### Work required
Copy exactly. Begin with the line that contains "Perceeloppervlakte Frankestraat 16 Haarlem" and stop after the last line of the records.
=====
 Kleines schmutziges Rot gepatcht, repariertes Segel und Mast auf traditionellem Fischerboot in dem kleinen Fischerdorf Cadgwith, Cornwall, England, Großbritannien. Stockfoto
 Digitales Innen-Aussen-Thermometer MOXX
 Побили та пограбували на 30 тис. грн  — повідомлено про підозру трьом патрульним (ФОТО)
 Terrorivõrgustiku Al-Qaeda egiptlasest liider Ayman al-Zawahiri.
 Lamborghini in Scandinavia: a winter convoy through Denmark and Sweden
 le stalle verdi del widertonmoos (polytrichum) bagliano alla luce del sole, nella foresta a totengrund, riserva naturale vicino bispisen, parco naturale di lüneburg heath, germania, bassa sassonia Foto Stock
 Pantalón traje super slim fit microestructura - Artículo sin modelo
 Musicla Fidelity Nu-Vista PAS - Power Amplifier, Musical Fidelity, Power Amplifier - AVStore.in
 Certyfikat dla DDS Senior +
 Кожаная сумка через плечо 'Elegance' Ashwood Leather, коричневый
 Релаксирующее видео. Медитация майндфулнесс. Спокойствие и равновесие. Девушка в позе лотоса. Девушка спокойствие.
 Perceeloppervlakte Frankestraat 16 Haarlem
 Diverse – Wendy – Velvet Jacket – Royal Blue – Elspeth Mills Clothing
=====
### Task solution
 Perceeloppervlakte Frankestraat 16 Haarlem
 Diverse – Wendy – Velvet Jacket – Royal Blue – Elspeth Mills Clothing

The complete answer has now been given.